At Squire Cass's family party that day nobody mentioned Dunstan—nobody was sorry for his absence, or feared it would be too long. The doctor and his wife, uncle and aunt Kimble, were there, and the annual Christmas talk was carried through without any omissions, rising to the climax of Mr. Kimble's experience when he walked the London hospitals thirty years back, together with striking professional anecdotes then gathered. Whereupon cards followed, with aunt Kimble's annual failure to follow suit, and uncle Kimble's irascibility concerning the odd trick which was rarely explicable to him, when it was not on his side, without a general visitation of tricks to see that they were formed on sound principles: the whole being accompanied by a strong steaming odour of spirits–and–water.
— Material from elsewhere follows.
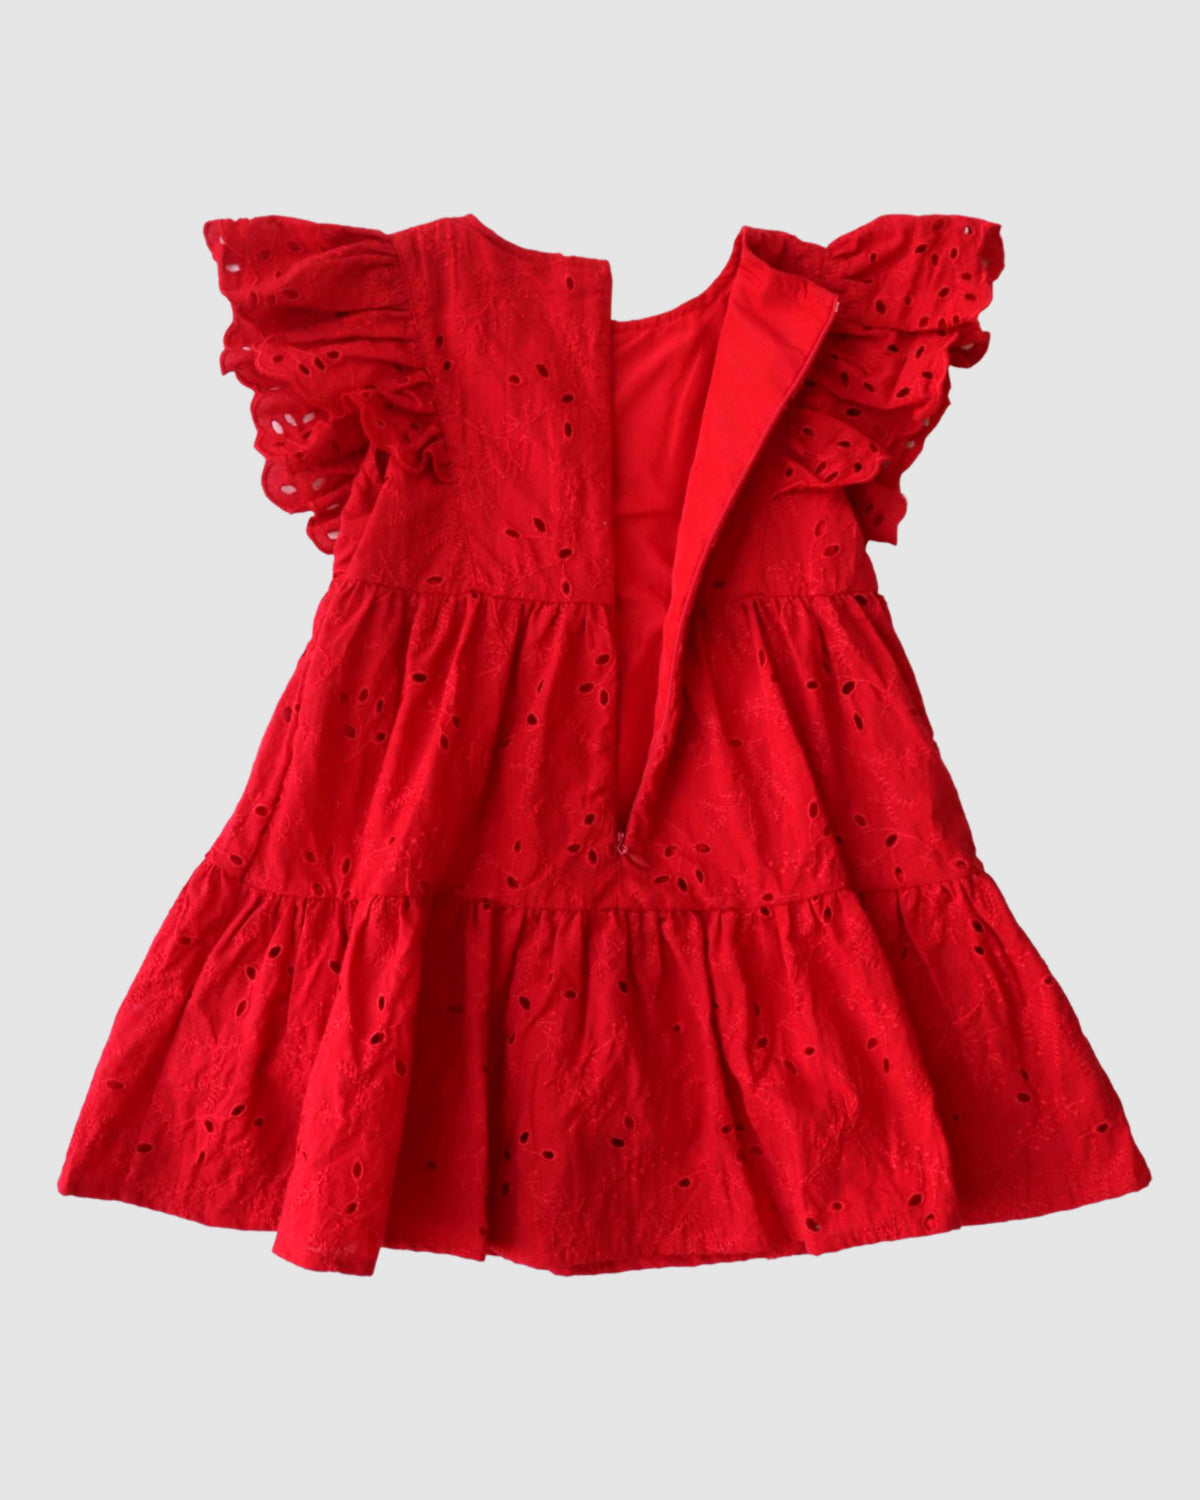 Belle Flutter Dress in Red Broderie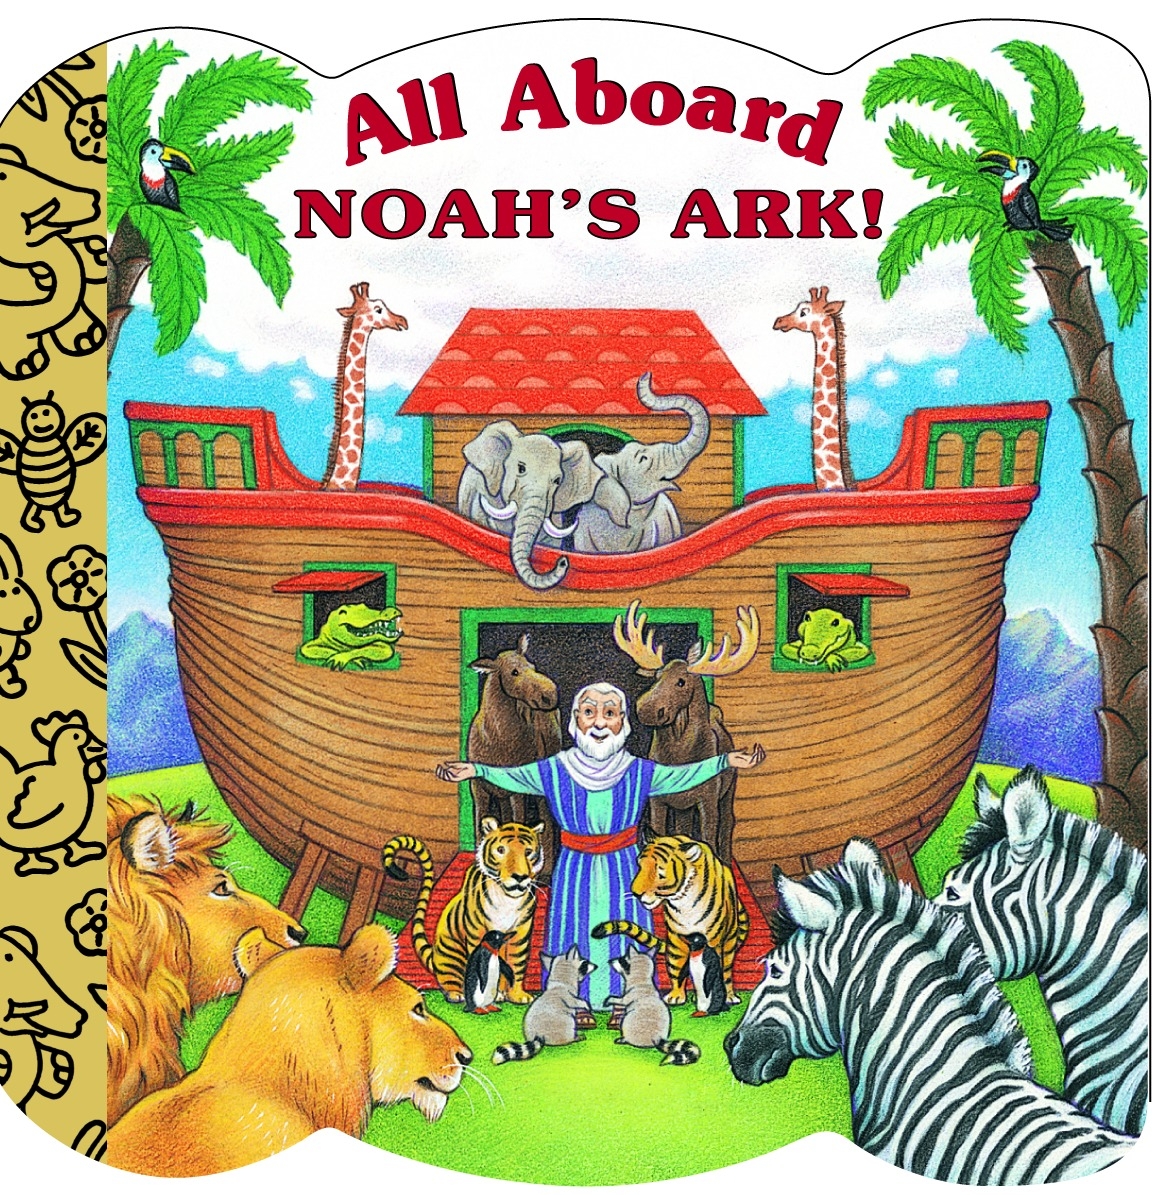 All Aboard Noah's Ark by Mary Josephs - Penguin Books Australia

But the party on Christmas–day, being a strictly family party, was not the pre–eminently brilliant celebration of the season at the Red House. It was the great dance on New Year's Eve that made the glory of Squire Cass's hospitality, as of his forefathers', time out of mind. This was the occasion when all the society of Raveloe and Tarley, whether old acquaintances separated by long rutty distances, or cooled acquaintances separated by misunderstandings concerning runaway calves, or acquaintances founded on intermittent condescension, counted on meeting and on comporting themselves with mutual appropriateness. This was the occasion on which fair dames who came on pillions sent their bandboxes before them, supplied with more than their evening costume; for the feast was not to end with a single evening, like a paltry town entertainment, where the whole supply of eatables is put on the table at once, and bedding is scanty. The Red House was provisioned as if for a siege; and as for the spare feather–beds ready to be laid on floors, they were as plentiful as might naturally be expected in a family that had killed its own geese for many generations.
Godfrey Cass was looking forward to this New Year's Eve with a foolish reckless longing, that made him half deaf to his importunate companion, Anxiety.
"Dunsey will be coming home soon: there will be a great blow–up, and how will you bribe his spite to silence?" said Anxiety.
"Oh, he won't come home before New Year's Eve, perhaps," said Godfrey; "and I shall sit by Nancy then, and dance with her, and get a kind look from her in spite of herself."
"But money is wanted in another quarter," said Anxiety, in a louder voice, "and how will you get it without selling your mother's diamond pin? And if you don't get it...?"
"Well, but something may happen to make things easier. At any rate, there's one pleasure for me close at hand: Nancy is coming."
"Yes, and suppose your father should bring matters to a pass that will oblige you to decline marrying her—and to give your reasons?"
"Hold your tongue, and don't worry me. I can see Nancy's eyes, just as they will look at me, and feel her hand in mine already."
But Anxiety went on, though in noisy Christmas company; refusing to be utterly quieted even by much drinking.